We have often warned that a trial judge must use care not to comment on the evidence. Harris v. State, 933 P.2d 1114, 1118 (Wyo. 1997) (quoting Phillips v. State, 597 P.2d 456, 458 (Wyo. 1979)) (quoting Peterson v. McMicken (Nelson's Estate), 72 Wyo. 444, 499, 266 P.2d 238, 261 (1954)). In a jury trial the judge must refrain from expressing an opinion on the weight or quality of the evidence. Harris, 933 P.2d at 1118. Any expression of opinion on the evidence indicating possible bias on the part of the trial judge is prejudicial, as infringing upon the jury's duties. Id. This is especially true in criminal cases. Phillips, 597 P.2d at 458. Such comments are prejudicial, reversible error. Id.

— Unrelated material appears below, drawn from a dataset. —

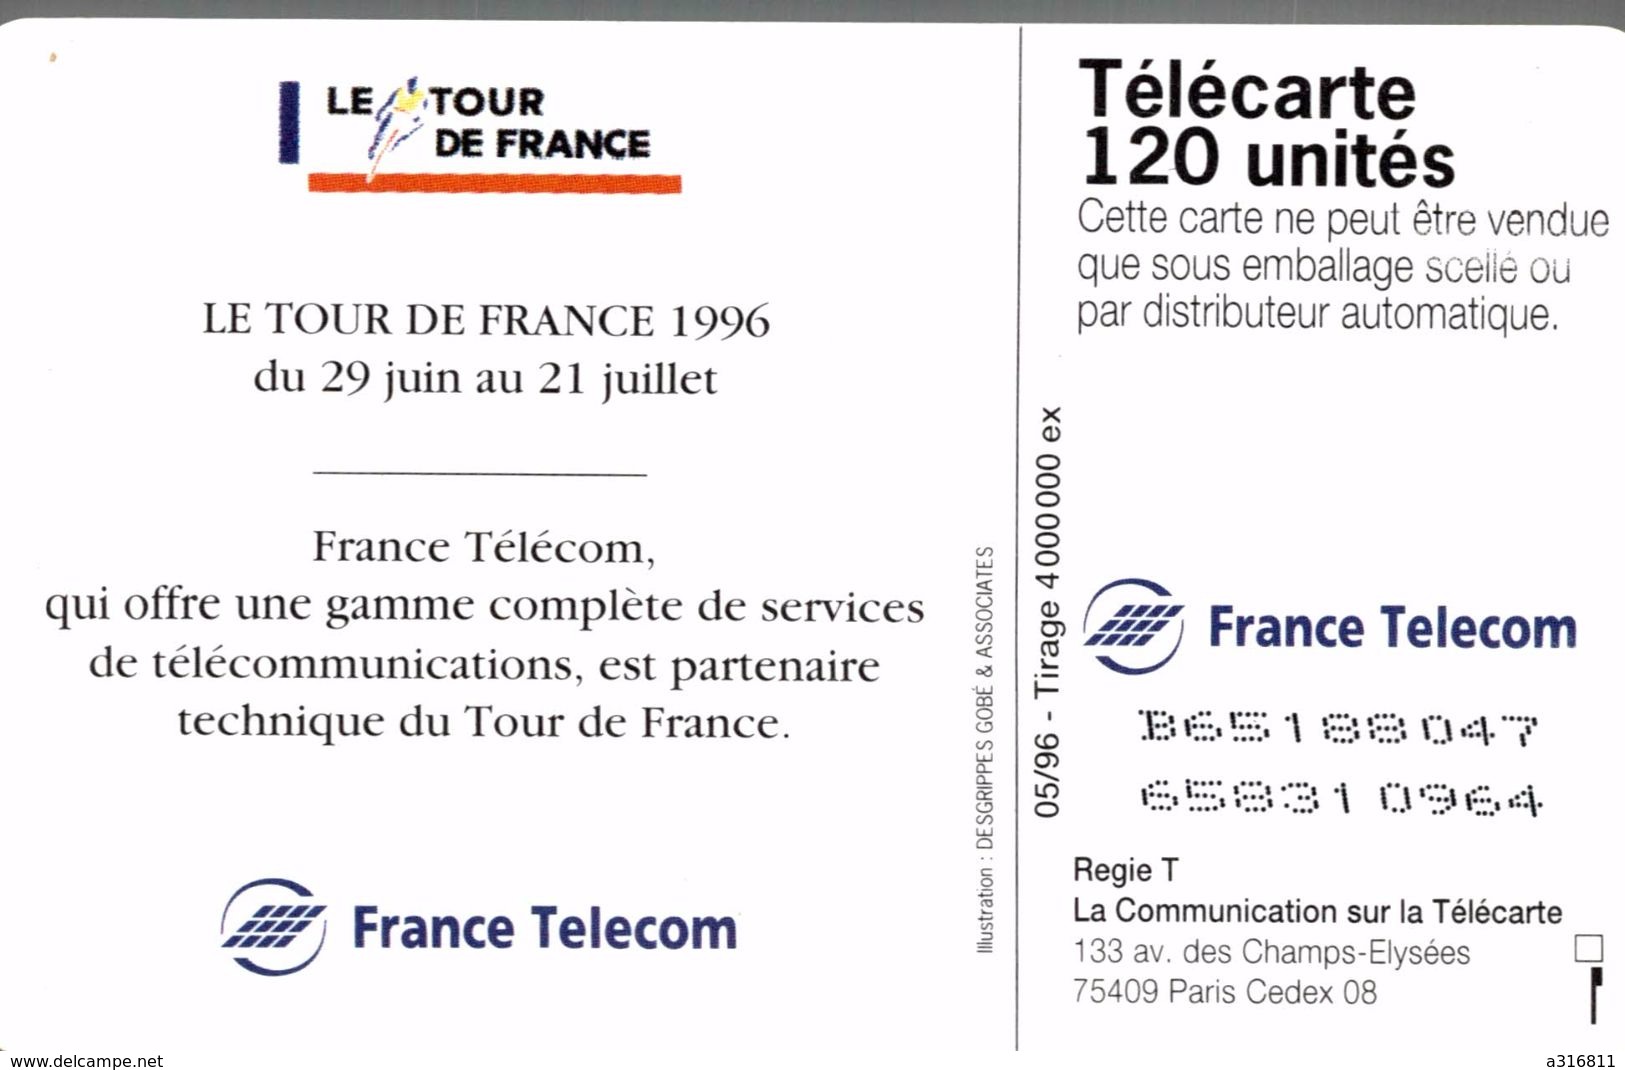 LE TOUR DE FRANCE 96 - 120 Unità

The jury was asked to decide which version of the victim's allegations was true. The jury could have drawn the conclusion that the preliminary hearing judge believed the story which would result in the guilt of the defendant over the story which absolved him. That opinion, or the impression of that opinion, had no place before this jury. "The jury is charged with resolving the factual issues, judging the witnesses' credibility, and ultimately determining whether the accused is guilty or innocent." Newport v. State, 983 P.2d 1213, 1215 (Wyo. 1999) (citing Gayler v. State, 957 P.2d 855, 860 (Wyo. 1998); Zabel v. State, 765 P.2d 357, 362 (Wyo. 1988)). "A witness may not, therefore, vouch for the credibility of another witness or a victim." Newport, 983 P.2d at 1215 (citing Gayler, 957 P.2d at 860; Curl v. State, 898 P.2d 369, 373-74 (Wyo. 1995)). The testimony raises concerns about its effect on the jury, "namely, that `the testimony could have decided the case for the jury.'" Bennett v. State, 794 P.2d 879, 882 (Wyo. 1990) (quoting Stephens, 774 P.2d at 67). "[I]mproper invasion of the jury's function remains critical and any invasion of the jury's role must be treated as error per se." Id.
Our analysis does not change because the judge referred to in the testimony was not the trial judge. The testimony did not indicate the identity of the preliminary hearing judge. When it heard the testimony, the jury did not know whether the judge in the preliminary hearing was also the trial judge. The jury may have assumed the preliminary hearing judge was the trial judge, and could logically conclude that the judge did not believe the victim when she denied having sexual relations with Sheeley in Wyoming. To permit the jury to rely on a judge's opinion of guilt "`would be the ultimate abdication of the function of the jury.'" Id. at 881 (quoting Stephens, 774 P.2d at 64). Such an implicit delegation of the decision of the jury "surely would deprive a defendant of his constitutional rights to a jury trial." Stephens, 774 P.2d at 67 n. 3. Admission of the statement was error per se, and the judgment and sentence must be reversed and this case remanded for a new trial.
Our decision concerning the inadmissible testimony is dispositive. The jury selection issue was unique to a particular juror, and Sheeley did not request an in camera inspection of the DFS file at trial. We find it is unlikely the issues will present themselves on remand. Therefore, we decline to address them at this time.
CONCLUSION
It is error per se for a prosecutor to elicit testimony concerning a judge's statement in another proceeding. This is especially true when the statement may be understood to implicate the judge's opinion on the credibility of a trial witness. Sheeley was denied his right to a trial by jury when the prosecutor elicited such testimony. Therefore, we reverse and remand for a new trial.